Pay and Prizes.  Marines were prescribed the following monthly pay scale in dollars:[15]

  • Captain – 26 and 2/3
  • Lieutenant – 18
  • Sergeant – 8
  • Corporal, Fifer, Drummer – 7 and 1/3
  • Private 6  and 2/3

The navy’s monthly pay scale over eighteen ship ranks ran from $32 for captain to $6 and 2/3 for able seaman. Officers and crewmen were to share the proceeds of prizes, ships taken at sea and brought to American ports to be sold. The first year of existence, navy and marine officers and crew received a set amount in dollars:

  • Ship’s commander – 400
  • Captain of Marines – 300
  • All other officers and seamen and marines – 200
  • The man who first sighted the captured ship – double his amount
  • The first person to board the captured ship – triple his amount.

By January 1777, this was changed along similar lines of the Royal Navy whereas proceeds from the sale of the prize was divided into twentieths; a captain would share equally in three twentieths with naval and marine lieutenants and so on.

Length of Service. John Adams and others of the Navy Commission first envisioned recruits serving for the war’s duration. When this was proposed to General Washington in November, 1775, he frowned upon it, stating that it would be hard pressed to find men willing to serve that long. He advised to limit it to one year.[16] On December 5, 1775, Congress resolved that navy and marines would be engaged for one year, ending January 1, 1777, “unless sooner discharged by Congress.” This brought the term of service for marines and navy in line with Continental troops; however, state militias varied from one year to as little as three months called “ninety-day wonders.”

First Marine Expedition Prepares to Sail

Alfred in Philadelphia, December 1775
Newly acquired American ships prepare to set out on its first fleet action. Artwork depicts the raising of the standard on Commodore Hopkins’ flagship. However, Hopkins chose the coiled snake on yellow background as his ensign for this first voyage. The Grand Union shown here would have been red and white stripes without the Union Jack in the upper corner. Artwork by Nowland van Powell.
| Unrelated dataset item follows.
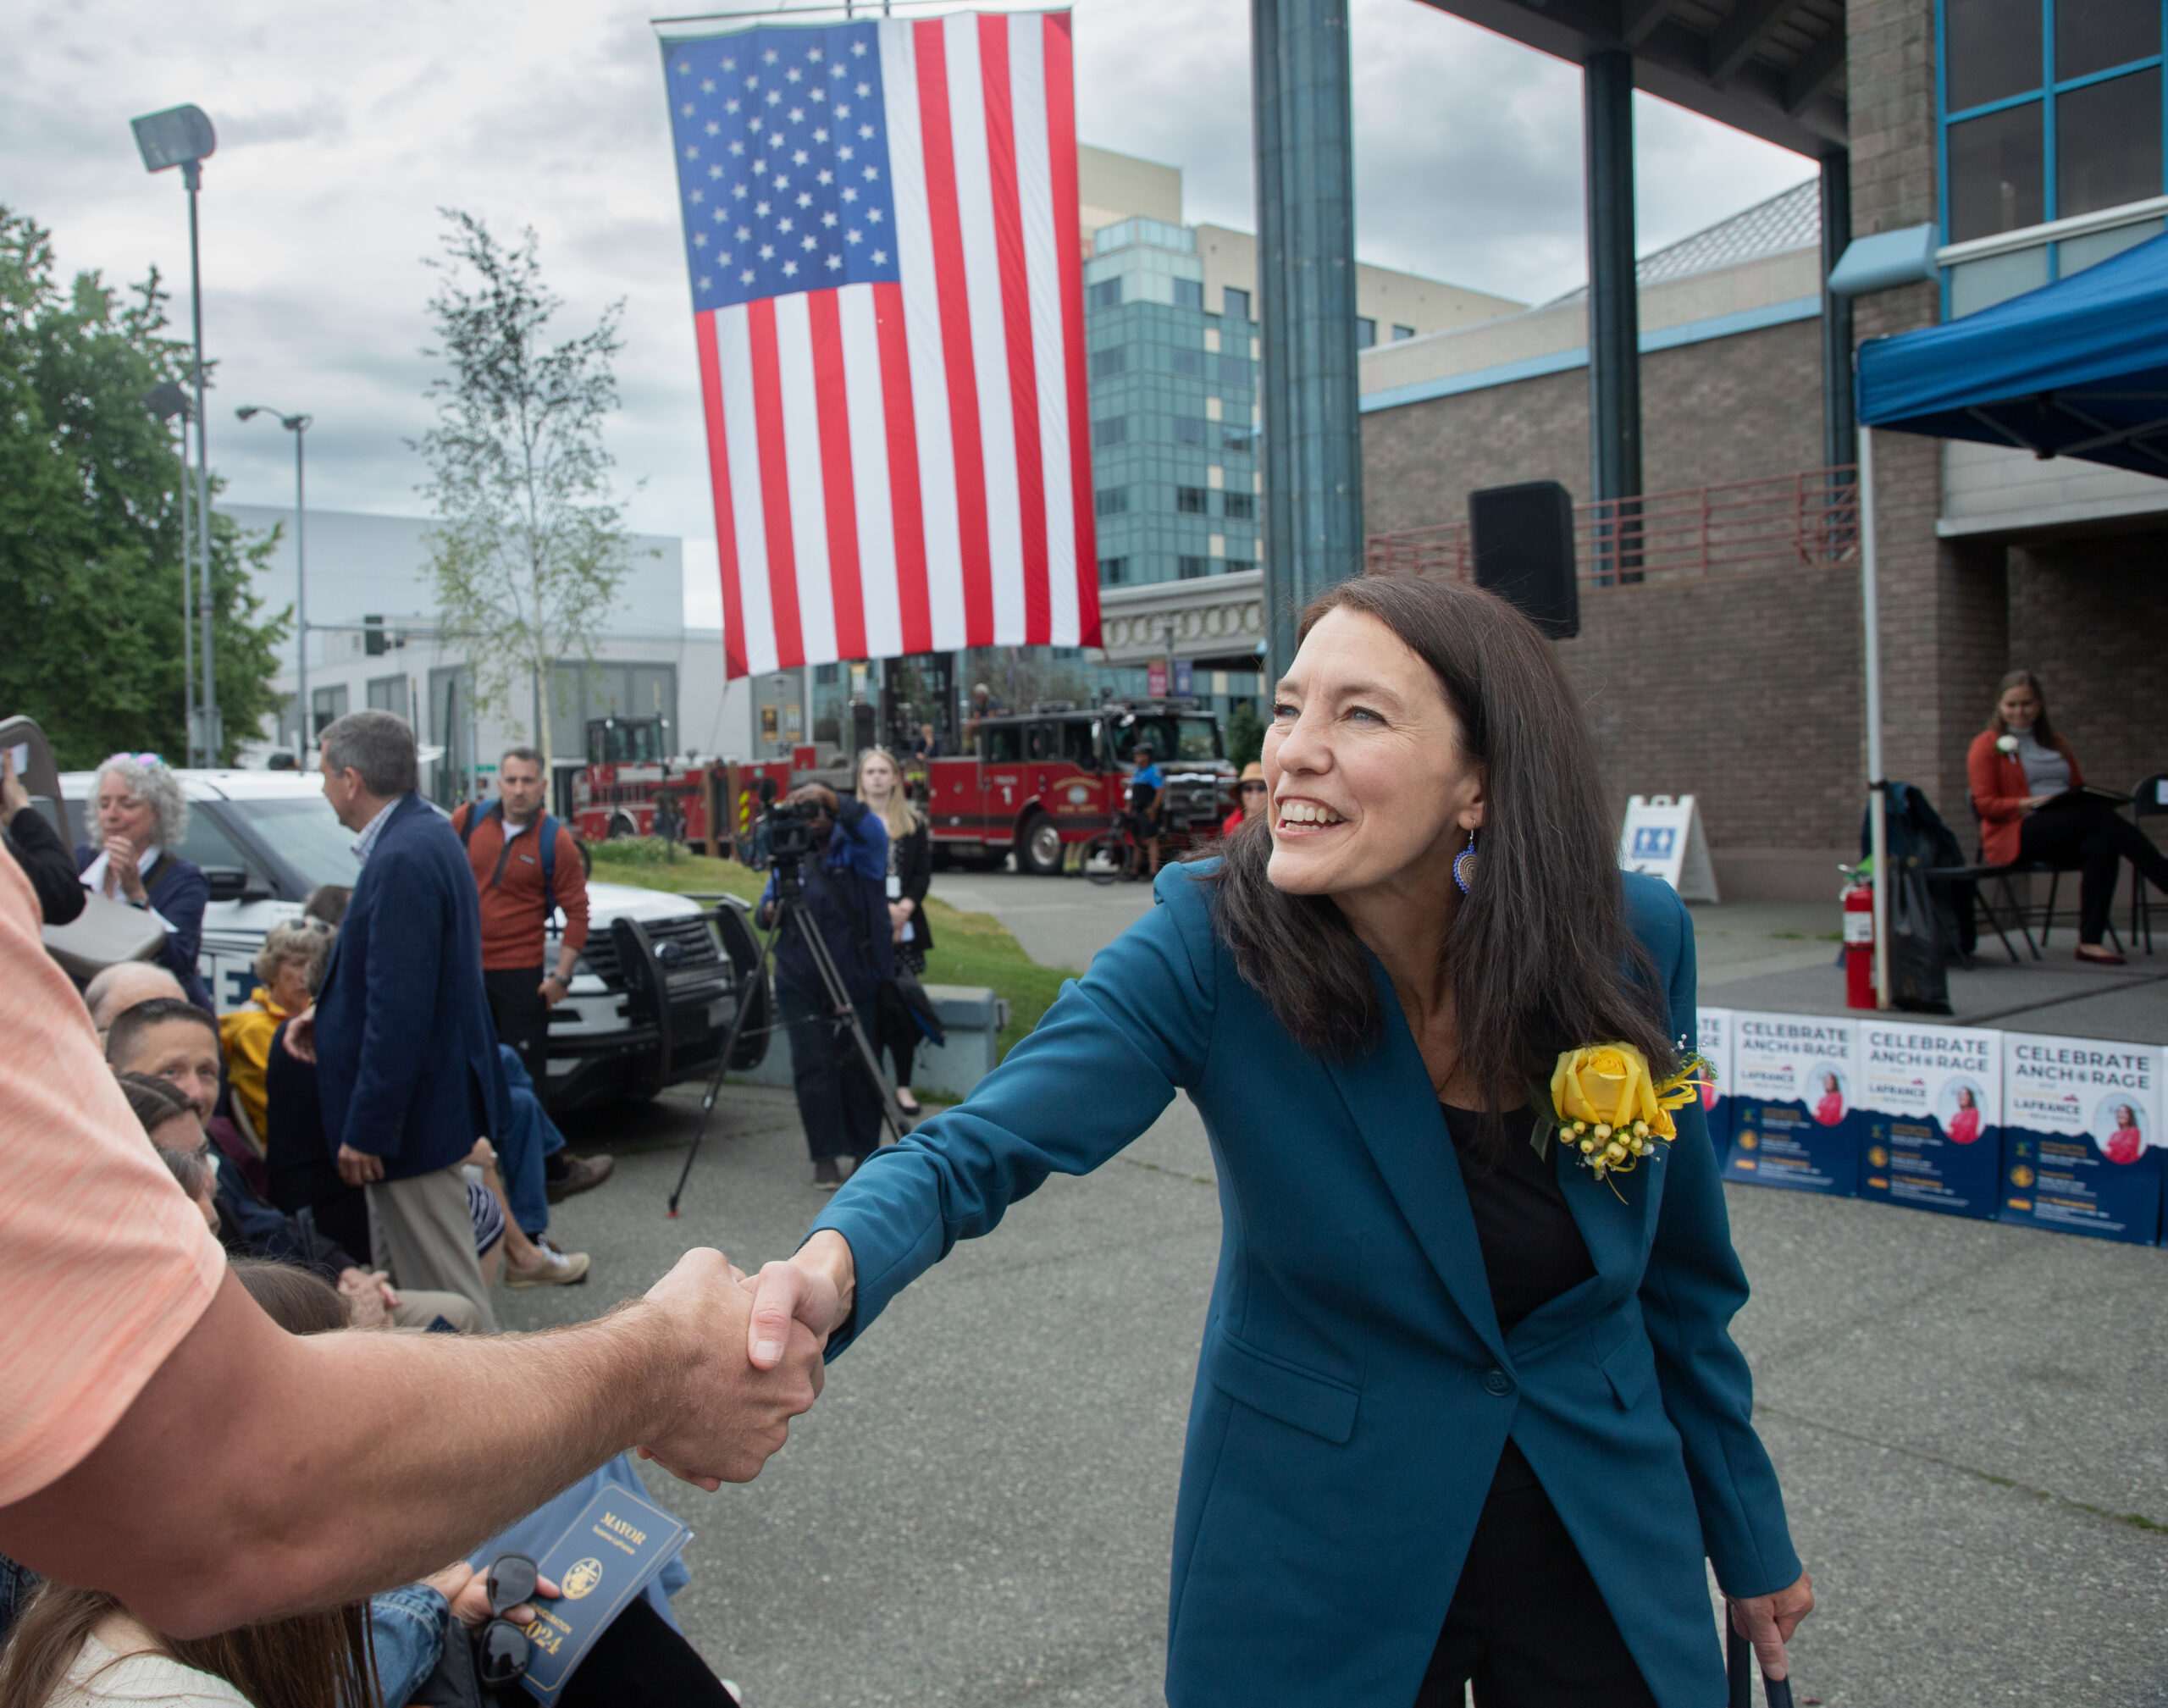 A woman in a blue suit shakes hands with people.

Around 2 PM, Thursday, January 4, 1776, “the first American Fleet that ever swelled their sails on the western ocean…sailed from Philadelphia amidst acclamation of many thousands assembled on the joyful occasion.”[17]  Lieutenant James Josiah on board the Continental brig Andrew Doria opened his logbook and penned the following, “At 2 PM, cast off from ye Warf in Company with ye Comodore Ship Alfred, Columbus & Cabot, Light airs from ye Westward & much Ice on ye River.” Earlier that morning, the Continental Marines stood in the chilled air either alongside the wharves below South and Water Streets. They faced six Continental men-of-war, former schooners, privateers, and merchantman armed for combat and ready to sail. They lined up to board their assigned ships in what would be the first fleet action of the newly formed United Colonies Navy. It would also be the first major action of the newly recruited Continental Marines.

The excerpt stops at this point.